Records from a collection

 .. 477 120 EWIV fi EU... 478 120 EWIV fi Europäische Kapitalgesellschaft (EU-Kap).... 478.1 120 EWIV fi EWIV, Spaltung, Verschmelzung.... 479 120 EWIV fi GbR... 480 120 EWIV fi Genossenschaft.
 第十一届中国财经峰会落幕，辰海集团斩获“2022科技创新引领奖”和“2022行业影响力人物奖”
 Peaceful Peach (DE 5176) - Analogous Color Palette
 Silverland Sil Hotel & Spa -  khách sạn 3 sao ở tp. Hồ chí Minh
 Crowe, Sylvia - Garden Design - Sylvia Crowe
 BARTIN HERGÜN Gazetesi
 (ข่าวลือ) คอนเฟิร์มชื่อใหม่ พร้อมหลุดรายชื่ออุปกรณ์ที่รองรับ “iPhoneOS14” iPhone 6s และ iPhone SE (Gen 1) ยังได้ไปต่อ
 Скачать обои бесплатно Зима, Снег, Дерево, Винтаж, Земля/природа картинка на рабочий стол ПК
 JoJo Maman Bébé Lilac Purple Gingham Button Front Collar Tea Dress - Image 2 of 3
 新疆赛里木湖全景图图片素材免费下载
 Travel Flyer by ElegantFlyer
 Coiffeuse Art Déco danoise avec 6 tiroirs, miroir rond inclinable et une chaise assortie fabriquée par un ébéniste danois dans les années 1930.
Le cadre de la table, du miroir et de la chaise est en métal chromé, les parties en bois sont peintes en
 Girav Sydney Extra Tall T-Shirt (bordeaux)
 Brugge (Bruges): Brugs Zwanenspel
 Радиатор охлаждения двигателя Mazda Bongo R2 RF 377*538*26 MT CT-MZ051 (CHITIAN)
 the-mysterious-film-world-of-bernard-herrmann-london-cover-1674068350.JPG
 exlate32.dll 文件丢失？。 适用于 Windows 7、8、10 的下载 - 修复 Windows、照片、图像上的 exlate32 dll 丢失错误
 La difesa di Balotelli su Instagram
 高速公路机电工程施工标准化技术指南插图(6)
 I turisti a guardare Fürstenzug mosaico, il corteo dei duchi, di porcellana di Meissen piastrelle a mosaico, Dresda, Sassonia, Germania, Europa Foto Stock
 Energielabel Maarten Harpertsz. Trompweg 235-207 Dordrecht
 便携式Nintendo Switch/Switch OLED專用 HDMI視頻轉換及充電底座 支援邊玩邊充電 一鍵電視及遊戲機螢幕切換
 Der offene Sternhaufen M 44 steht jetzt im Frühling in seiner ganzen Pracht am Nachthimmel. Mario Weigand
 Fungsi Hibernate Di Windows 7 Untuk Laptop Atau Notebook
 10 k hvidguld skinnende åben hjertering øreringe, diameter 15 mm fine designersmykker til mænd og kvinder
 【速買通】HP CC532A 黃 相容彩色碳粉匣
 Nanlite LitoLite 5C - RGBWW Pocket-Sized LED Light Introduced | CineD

» What is needed:
Transcribe the records from their first line. Stop after the line with "Brugge (Bruges): Brugs Zwanenspel", including it.

» Task response:
 .. 477 120 EWIV fi EU... 478 120 EWIV fi Europäische Kapitalgesellschaft (EU-Kap).... 478.1 120 EWIV fi EWIV, Spaltung, Verschmelzung.... 479 120 EWIV fi GbR... 480 120 EWIV fi Genossenschaft.
 第十一届中国财经峰会落幕，辰海集团斩获“2022科技创新引领奖”和“2022行业影响力人物奖”
 Peaceful Peach (DE 5176) - Analogous Color Palette
 Silverland Sil Hotel & Spa -  khách sạn 3 sao ở tp. Hồ chí Minh
 Crowe, Sylvia - Garden Design - Sylvia Crowe
 BARTIN HERGÜN Gazetesi
 (ข่าวลือ) คอนเฟิร์มชื่อใหม่ พร้อมหลุดรายชื่ออุปกรณ์ที่รองรับ “iPhoneOS14” iPhone 6s และ iPhone SE (Gen 1) ยังได้ไปต่อ
 Скачать обои бесплатно Зима, Снег, Дерево, Винтаж, Земля/природа картинка на рабочий стол ПК
 JoJo Maman Bébé Lilac Purple Gingham Button Front Collar Tea Dress - Image 2 of 3
 新疆赛里木湖全景图图片素材免费下载
 Travel Flyer by ElegantFlyer
 Coiffeuse Art Déco danoise avec 6 tiroirs, miroir rond inclinable et une chaise assortie fabriquée par un ébéniste danois dans les années 1930.
Le cadre de la table, du miroir et de la chaise est en métal chromé, les parties en bois sont peintes en
 Girav Sydney Extra Tall T-Shirt (bordeaux)
 Brugge (Bruges): Brugs Zwanenspel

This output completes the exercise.